OP also forgot to mention that the letter in fact was not confidential. So we have to wait for an update
@Tinks_say I suspect that, If you received the letter over email from a company official, almost always it will have a footer mentioning the confidentiality of the information and attachments. Can you double check and confirm?
@FooTheBar Or, OP missed that part. I have strong feeling about this because I'm from the same location, and in my experience, all organizations here use that good-for-nothing clause for everything and everyone. I'd be really surprised if that's not the case here.
@Tinks_say - Two things. First - you learned a lesson.
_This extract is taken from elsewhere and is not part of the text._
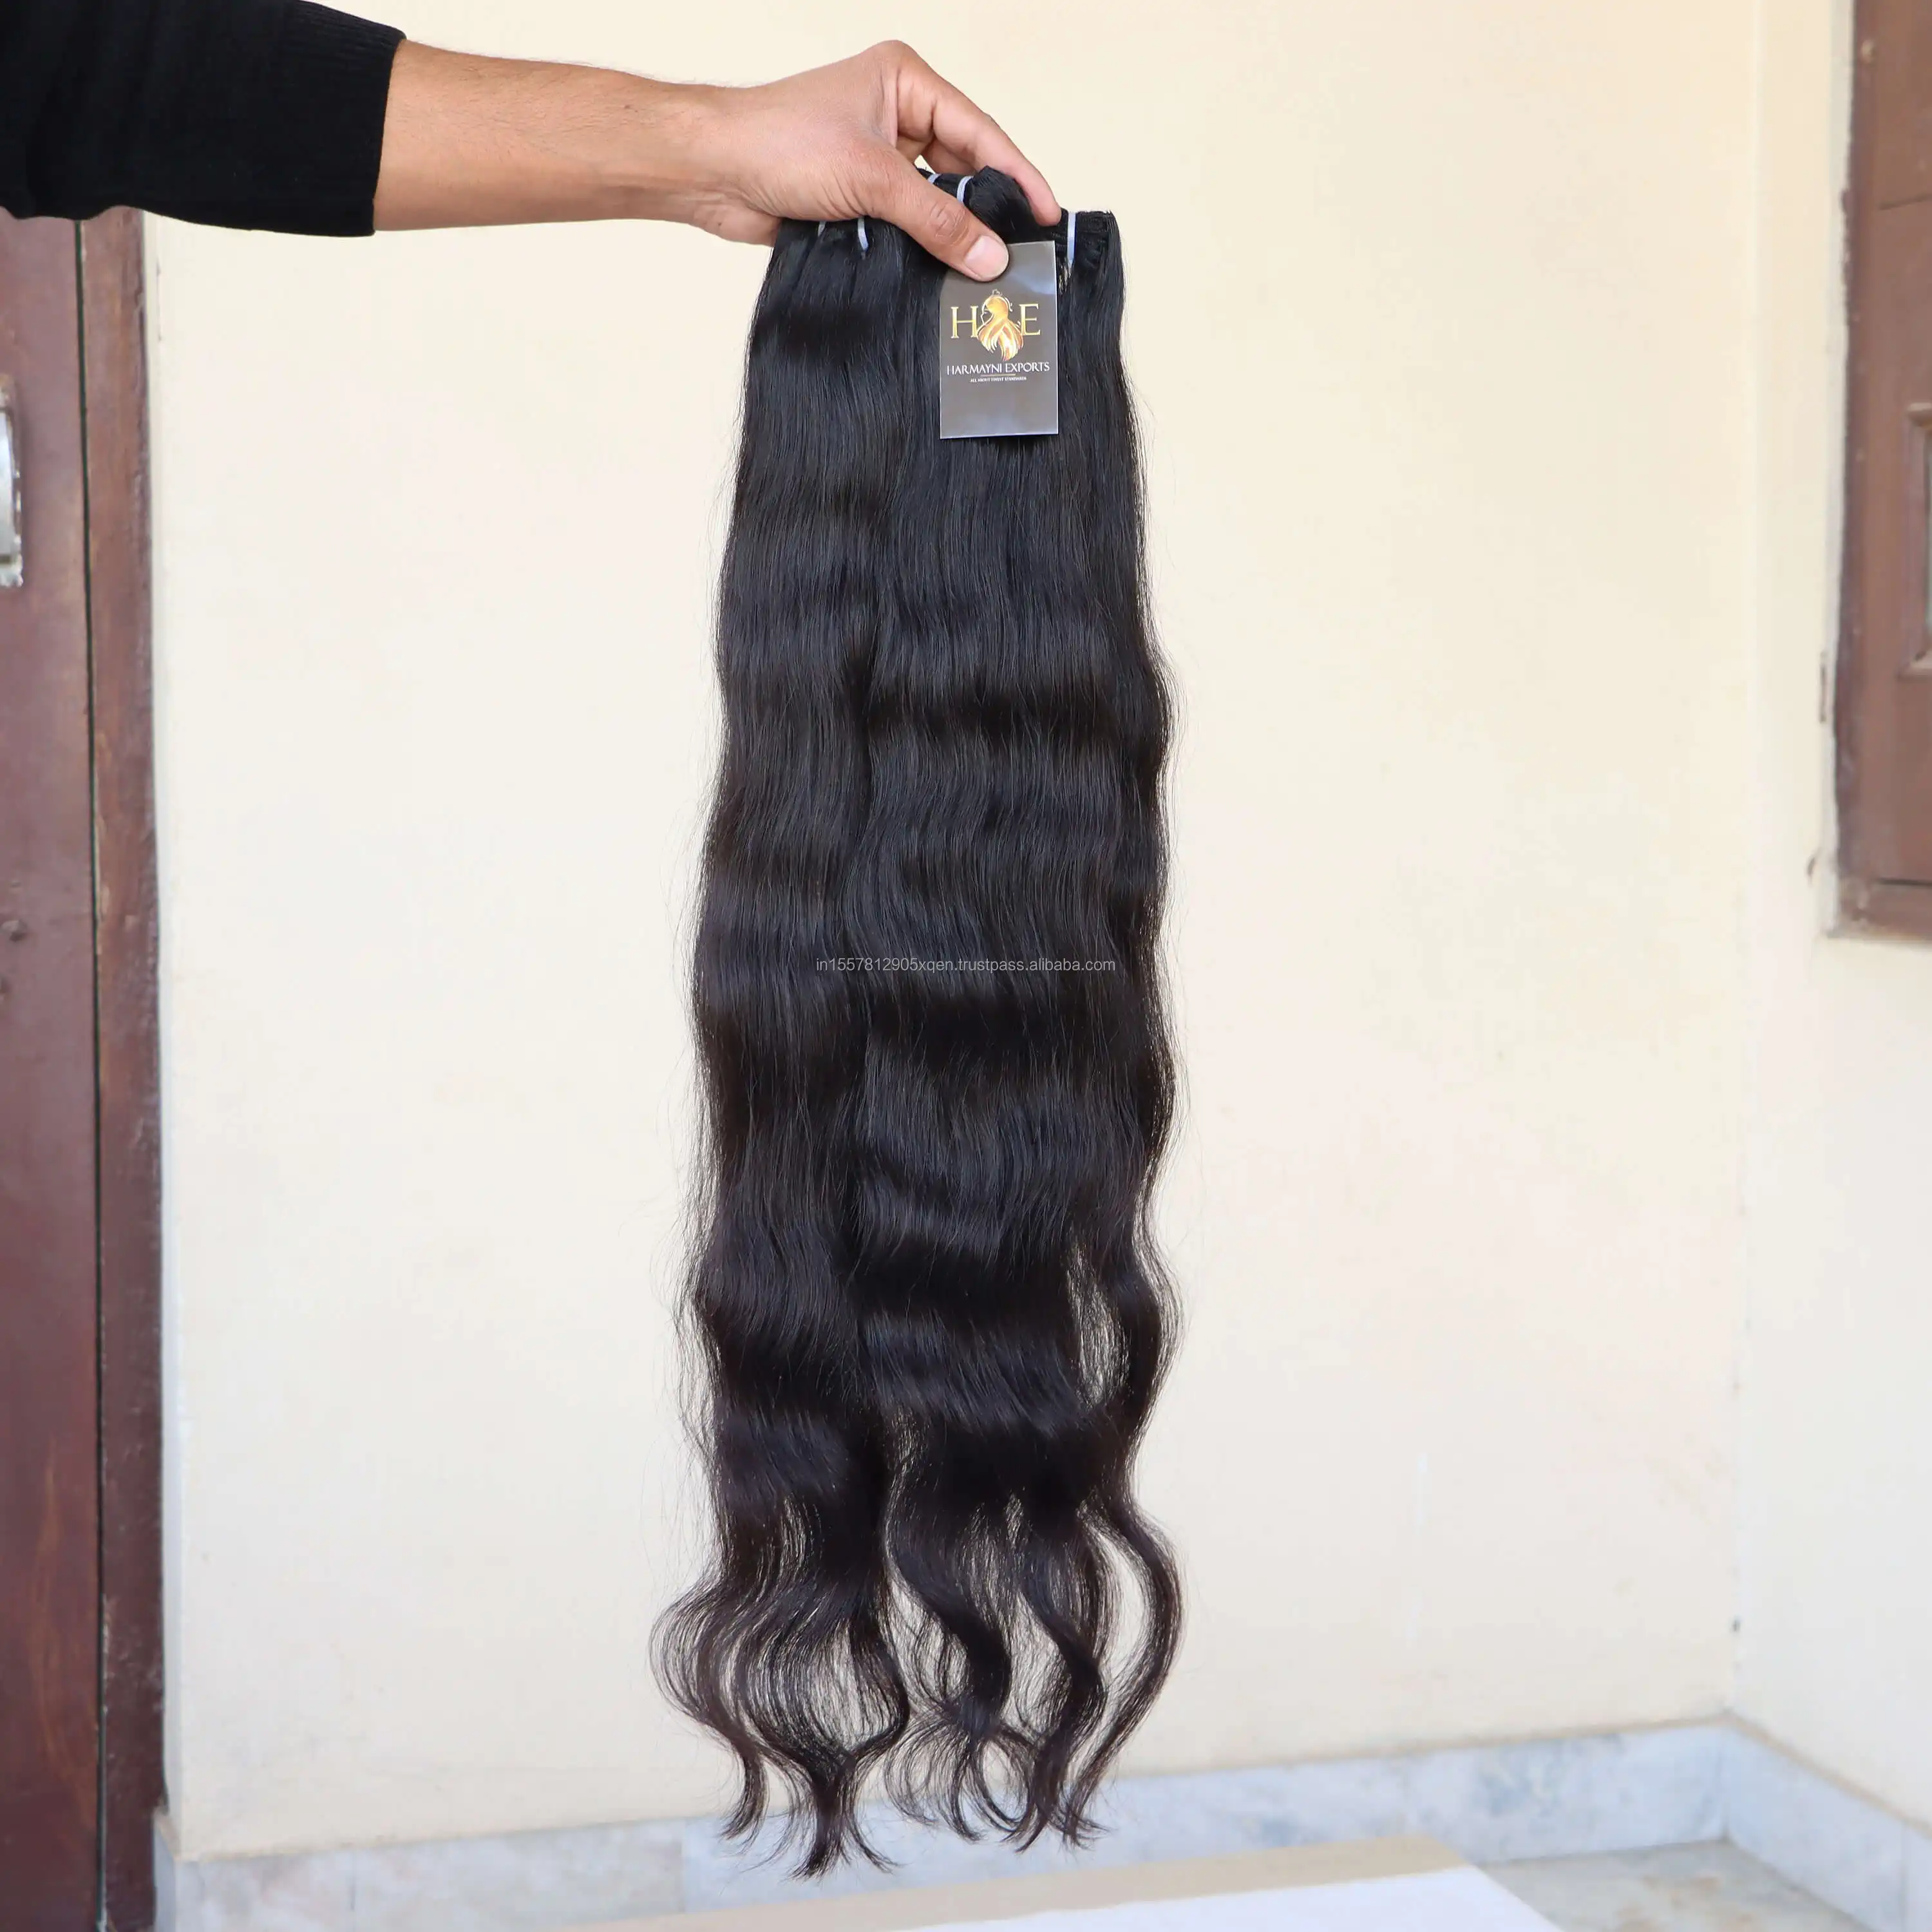 인도 원시 처리되지 않은 처녀 머리 바디 웨이브 머리 직조 번들 도매 원시 인도 사원 인간의 머리 제조 업체

Second - you avoided working for two crappy sounding places.
@dan.mwasuser2321368 I'm sorry, how is organization A crappy, again?
12:43
@SouravGhosh - of course, it might be location/culture specific, but insisting that a job offer is "confidential" is very strange in my mind, and rescinding an offer based on someone discussing that offer seems punitive only for the sake of being punitive
@dan.mwasuser2321368 first part is OK, but given that we're discussing based on the fact that the letter was in fact confidential, what other reaction would you expect from organization A? I'd say, withdrawing the offer is a mild reaction, they could have pursued the legal path, too, which would not have ended well for OP. Whether the letter should be confidential or not, is a different question altogether.
That's a very unfortunate situation. I have a hard time imagining this to happen in the UK. If a UK employer got a phone call like this, they wouldn't say "thank you for this useful information about this candidate", but "thank you for this useful information about your company, I will avoid ever doing business with you".
It is possible that Employer B never actually spoke to Employer A, and said this to hurt your feelings. You don't have proof that B did this, right?
@dan.mwasuser2321368 My experience is that job offers are always confidential. Maybe it's because I've seen many large companies lately, but usually there's a clause in the application that says something like "from here on out, all of the application process is confidential"
Unless the OP specifically agreed to keep the offer letter confidential, they're under no obligation to keep it confidential. You can't just send things to people with notes that you want them to keep it confidential and expect them to necessarily even notice that note.
12:43
@axus Employer A called me immediately after when I turned down offer of employer B. And said will take action against sharing confidential offer letter with third person and withdrawn offer. They said will send me court notice through their lawyer.
How did company B know you had aon offer letter from company A? Did you tell them? Were you trying to play one off against the other? This would've been a bad idea - keep different applications hermetically isolated from each other.
Instead of trying to use an other offer letter to negotiate simply say "No, I'm not willing to work for less than XXX" it shouldn't matter to them whether that opinion of yours is because you already have an offer of XXX (or close to it) by a different company or simply because you think that's what you are worth. Don't go into the details just be firm with what you want to accept.